- Postwar photo of Hecht (S 171), (former Type XXIII submarine U-2367). An identical sister ship of U-4709.

History

Nazi Germany
- Name: U-4709
- Ordered: 7 July 1944
- Builder: Friedrich Krupp Germaniawerft AG, Kiel
- Yard number: 951
- Laid down: 1 December 1944
- Launched: 8 February 1945
- Commissioned: 3 March 1945
- Fate: Scuttled on 4 May 1945

General characteristics
- Class & type: Type XXIII submarine
- Displacement: 234 t (230 long tons) (surfaced); 258 t (254 long tons) (submerged);
- Length: 34.68 m (113 ft 9 in) (o/a); 26.00 m (85 ft 4 in) (p/h);
- Beam: 3.02 m (9 ft 11 in) (o/a); 3.00 m (9 ft 10 in) (p/h);
- Draught: 3.66 m (12 ft)
- Installed power: 575–630 PS (423–463 kW; 567–621 shp) (diesel drive); 580 PS (430 kW; 570 shp) (standard electric drive); 35 PS (26 kW; 35 shp) (silent electric drive);
- Propulsion: 1 × MWM RS134S 6-cylinder diesel engine; 1 × AEG GU4463-8 double-acting electric motor; 1 × BBC CCR188 electric creeping motor;
- Speed: 9.7 knots (18 km/h; 11 mph) (surfaced); 12.5 knots (23 km/h; 14 mph) (submerged);
- Range: 2,600 nautical miles (4,800 km; 3,000 mi) at 8 knots (15 km/h; 9.2 mph) surfaced; 194 nmi (359 km; 223 mi) at 4 knots (7.4 km/h; 4.6 mph) submerged;
- Test depth: 180 m (590 ft)
- Complement: 14–18
- Armament: 2 × 53.3 cm (21 in) bow torpedo tubes; 2 × torpedoes;

Service record
- Part of: 5th U-boat Flotilla; 3 March – 4 May 1945;
- Identification codes: M 50 727
- Commanders: Oblt.z.S. Paul Berkemann; 3 March – 4 May 1945;
- Operations: None
- Victories: None

= German submarine U-4709 =

German World War II submarine

German submarine U-4709 was a Type XXIII U-boat of Nazi Germany's Kriegsmarine during World War II. She was ordered on 7 July 1944, and was laid down on 1 December 1944 at Friedrich Krupp Germaniawerft AG, Kiel, as yard number 951. She was launched on 8 February 1945 and commissioned under the command of Oberleutnant zur See Paul Berkemann on 3 March 1945.

==Design==
Like all Type XXIII U-boats, U-4709 had a displacement of 234 t when at the surface and 258 t while submerged. She had a total length of 34.68 m (o/a), a beam width of 3.02 m (o/a), and a draught depth of 3.66 m. The submarine was powered by one MWM six-cylinder RS134S diesel engine providing 575–630 PS, one AEG GU4463-8 double-acting electric motor electric motor providing 580 PS, and one BBC silent running CCR188 electric motor providing 35 PS.

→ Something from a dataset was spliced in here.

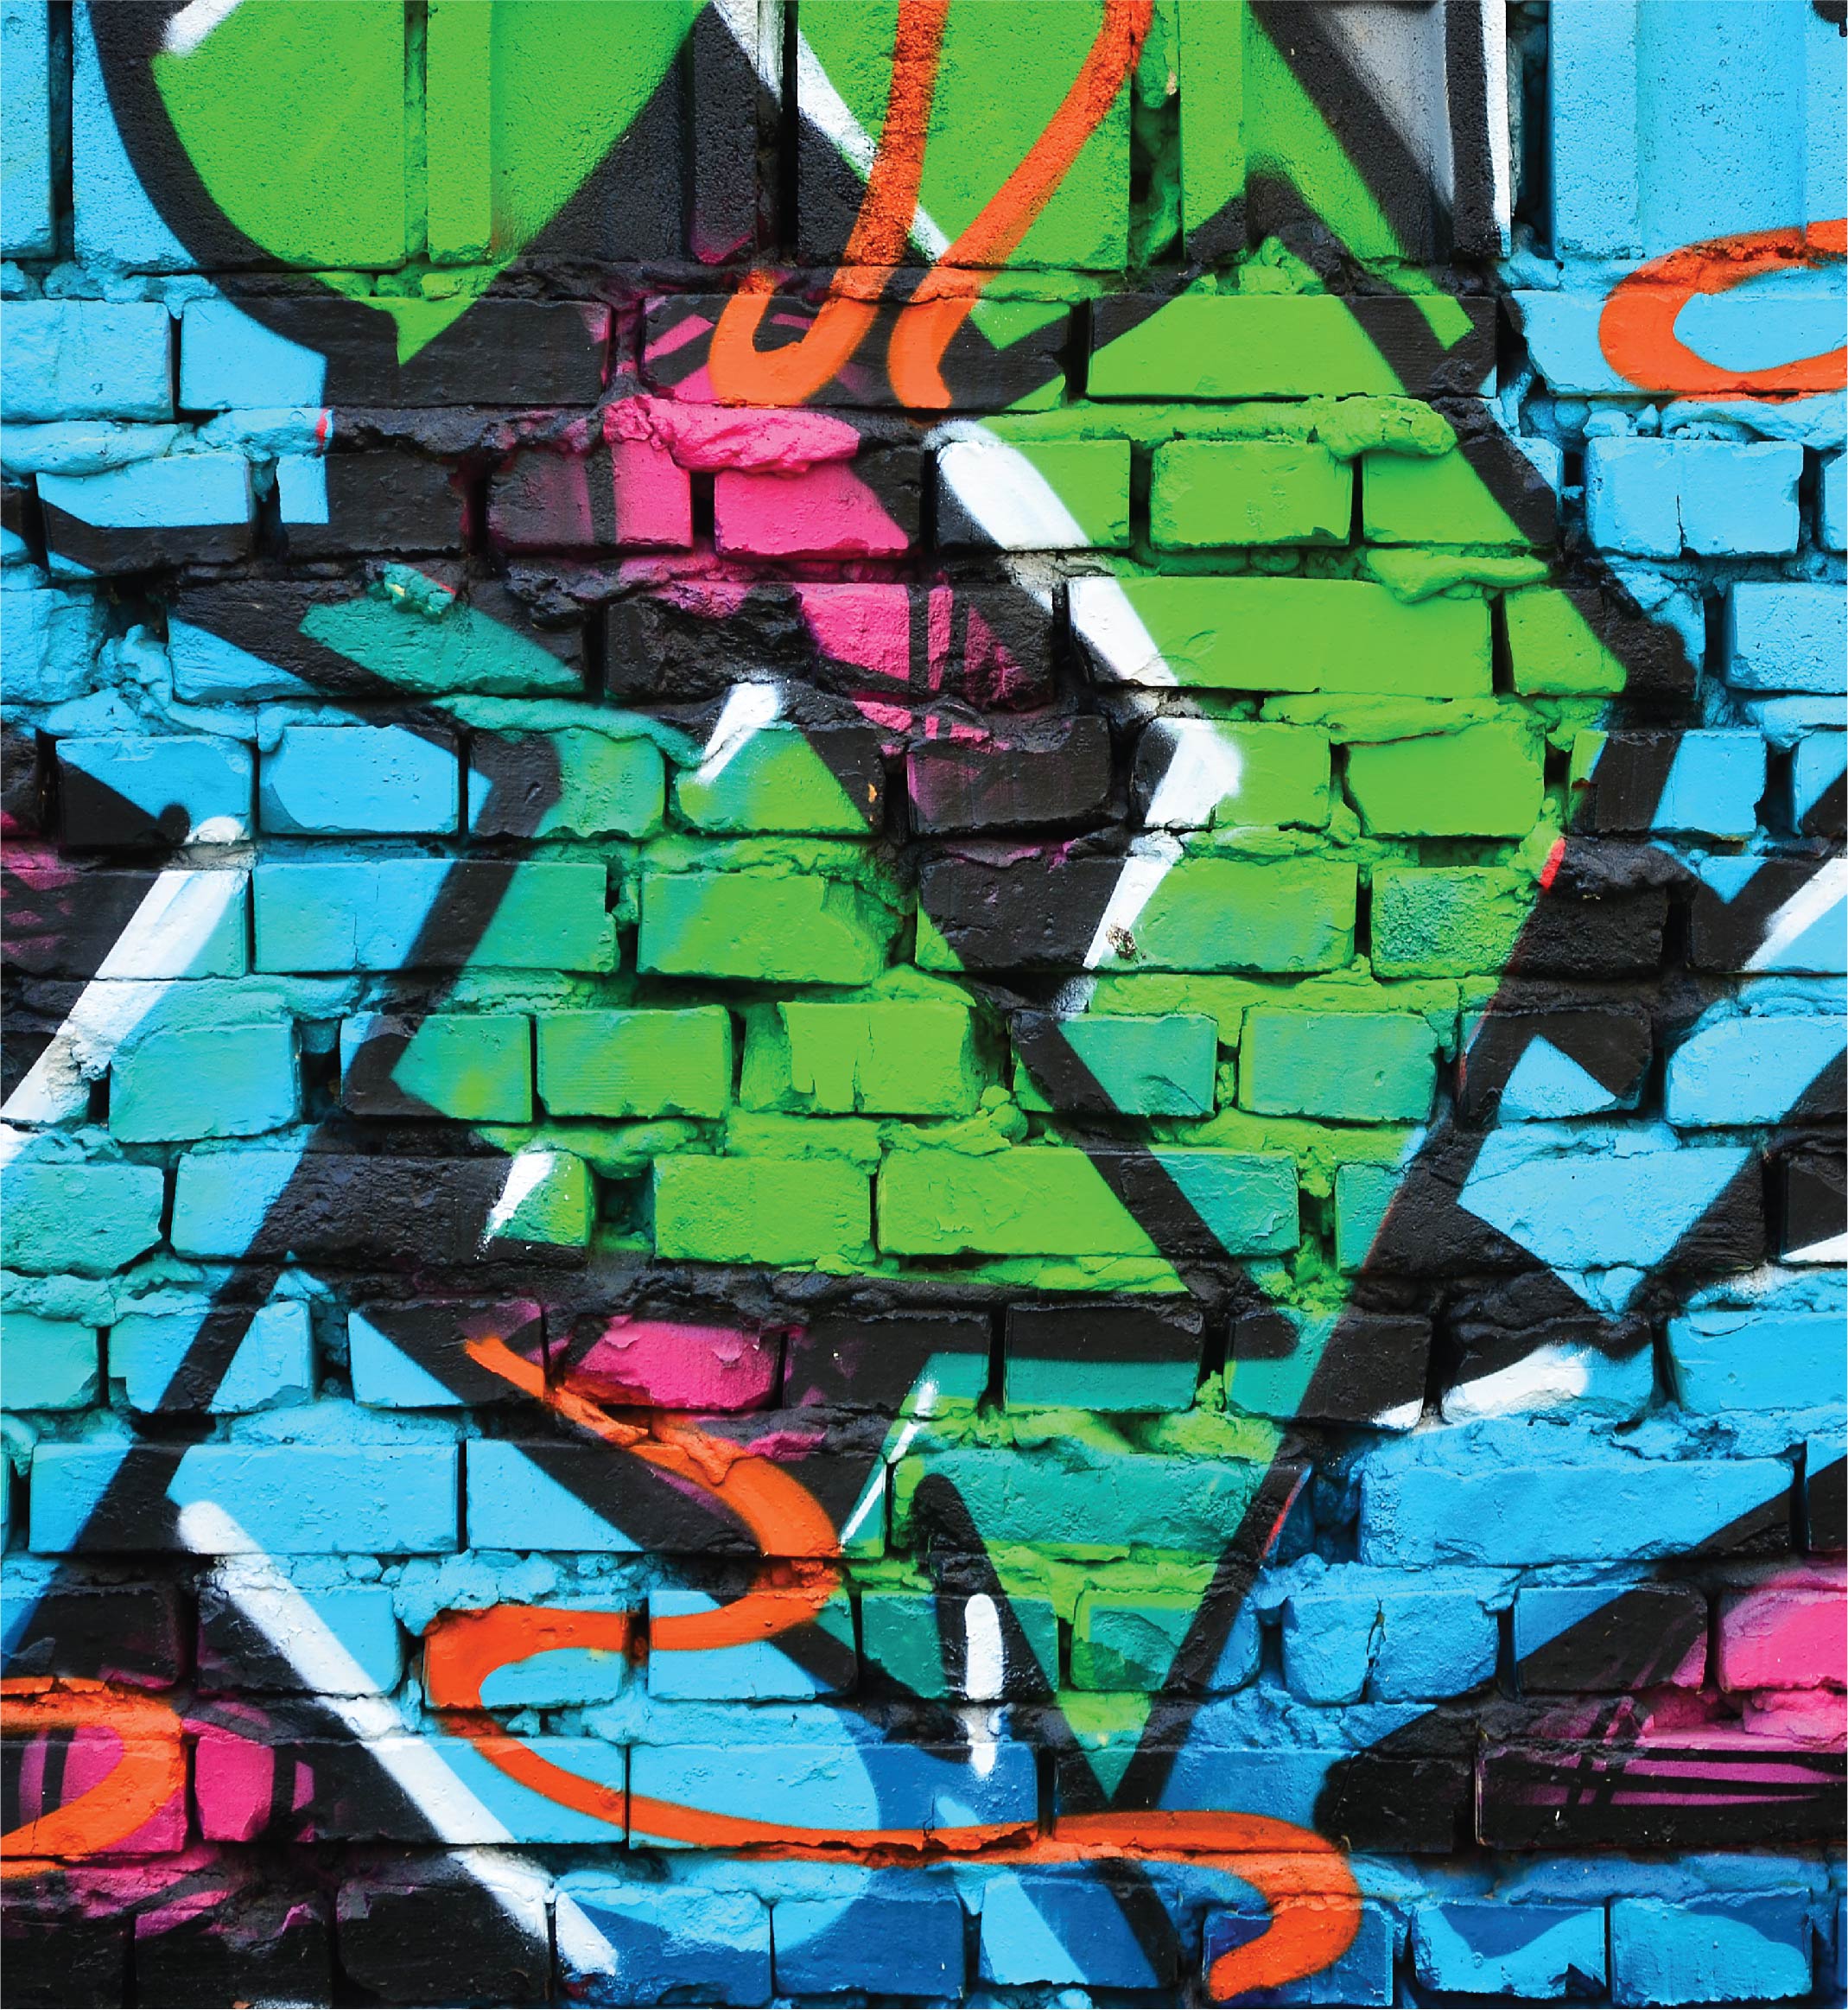 Graffiti Wall - Background

The submarine had a maximum surface speed of 9.7 kn and a submerged speed of 12.5 kn. When submerged, the boat could operate at 4 kn for 194 nmi; when surfaced, she could travel 2600 nmi at 8 kn. U-4709 was fitted with two 53.3 cm torpedo tubes in the bow. She could carry two preloaded torpedoes. The complement was 14–18 men. This class of U-boat did not carry a deck gun.

==Service history==
On 4 May 1945, U-4709 was scuttled at Germaniawerft, Kiel, as part of Operation Regenbogen. The wreck was later raised and broken up.